The Holiday Checkout Hiccup
A real-world example of Insensitivity to sample size in action
Context
BoltCart, a mid-size e-commerce retailer, prepared for its busiest season and wanted to increase conversions by simplifying checkout. The product team ran a quick pre-holiday A/B test on a redesigned one-page checkout to decide whether to roll the change out sitewide.
Situation
A two-week experiment routed roughly 400 visitors to the test (200 to the new checkout, 200 to the old flow) during a low-traffic weekday period. The test showed a higher conversion rate in the new checkout (12% vs 10%), which the product manager interpreted as a clear win and pushed for an immediate full rollout before the holiday rush.
The bias in action
Decision-makers focused on the observed uplift (20% relative increase) and ignored that the sample was tiny and non-representative of holiday traffic.

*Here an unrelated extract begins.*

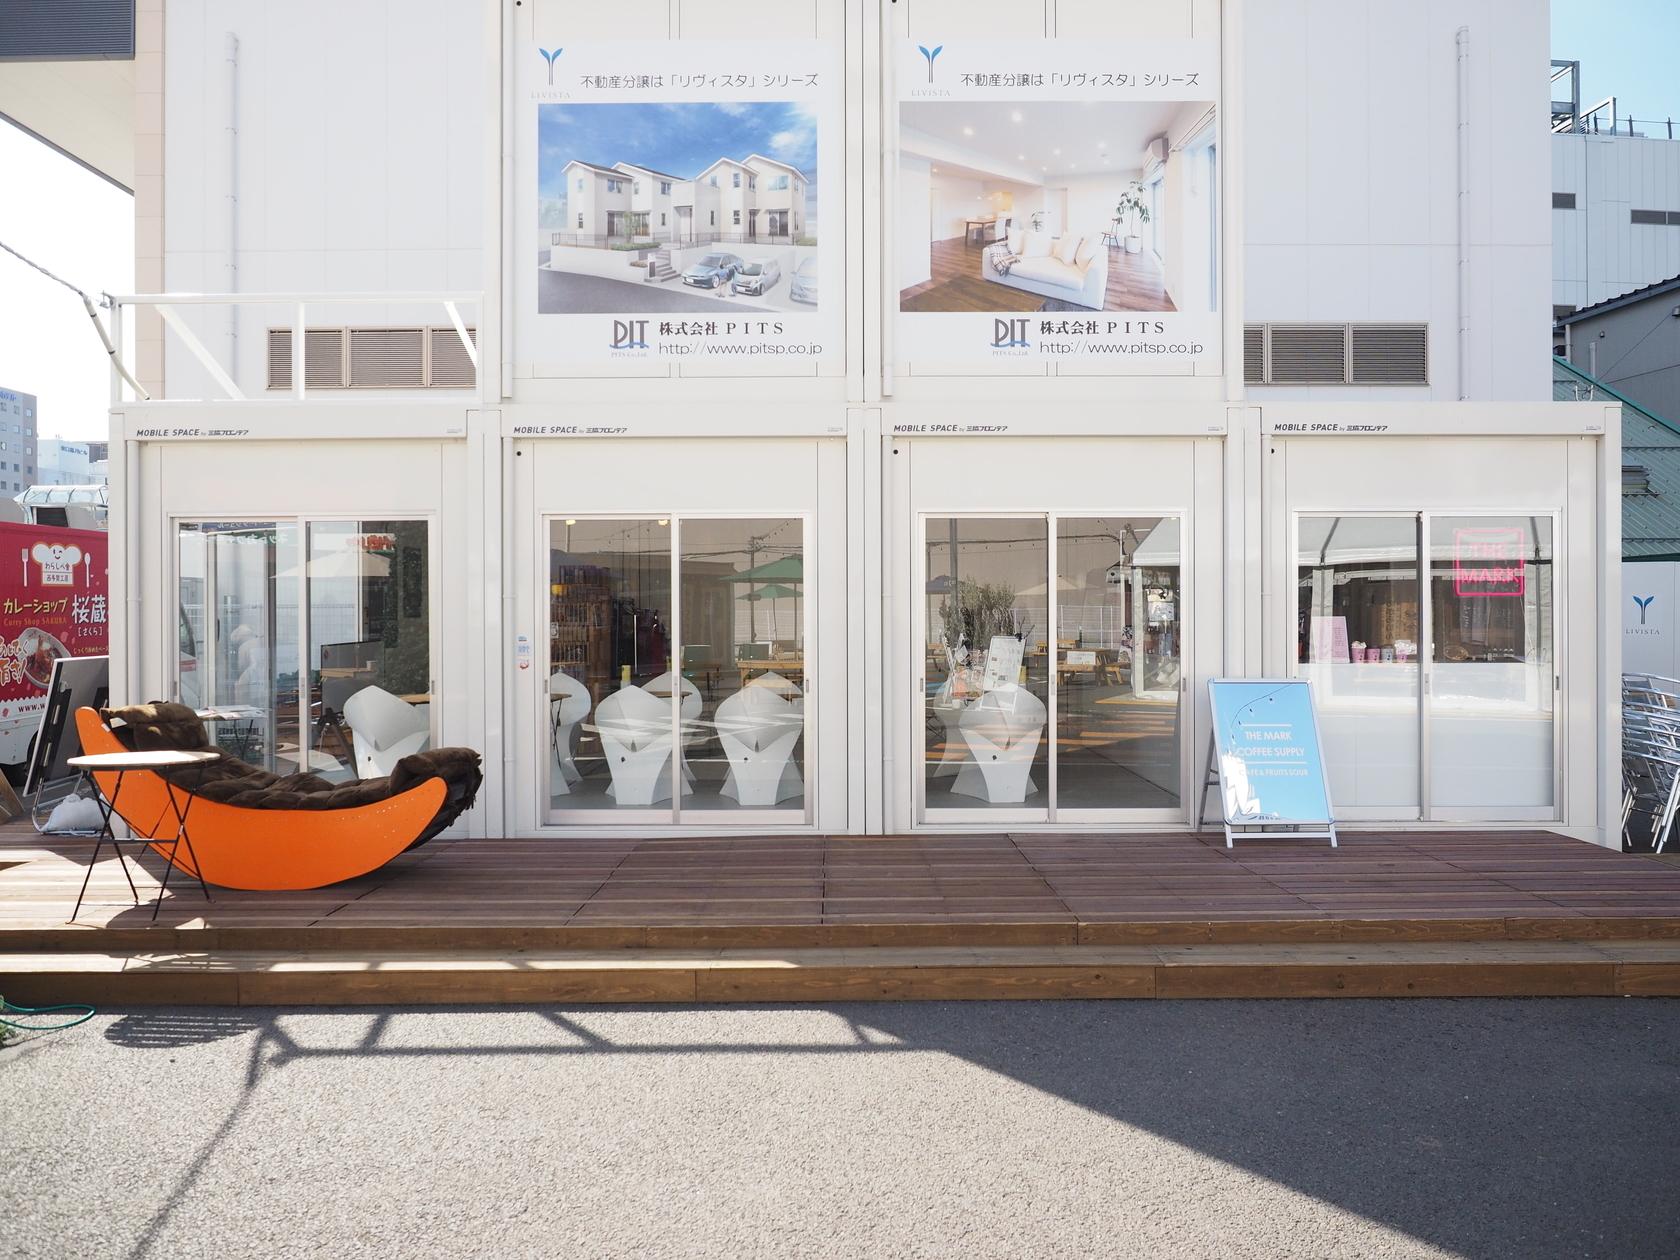 【冬季限定価格】【EKITUZI】仙台駅徒歩0分 Wi-fi/電源/ウッドデッキつき お洒落な屋内イベントスペース(EKITUZI -食と遊びで未来を志向する実験広場-) の写真0

They treated the short-run, small-sample result as if it had the same reliability as a properly powered experiment. The team also failed to compute a minimum detectable effect or confidence intervals, and assumed the measured difference would scale to the entire customer base. That overconfidence in a small sample led to dismissing uncertainty and not validating the result with a larger or more representative test.
Outcome
After the sitewide rollout, overall conversion fell to 9% over the holiday peak, contrary to expectations. Customer support volume rose from routine levels, and the company missed projected revenue targets. Management reversed the change after eight weeks, but the initial rollout had already cost time and money.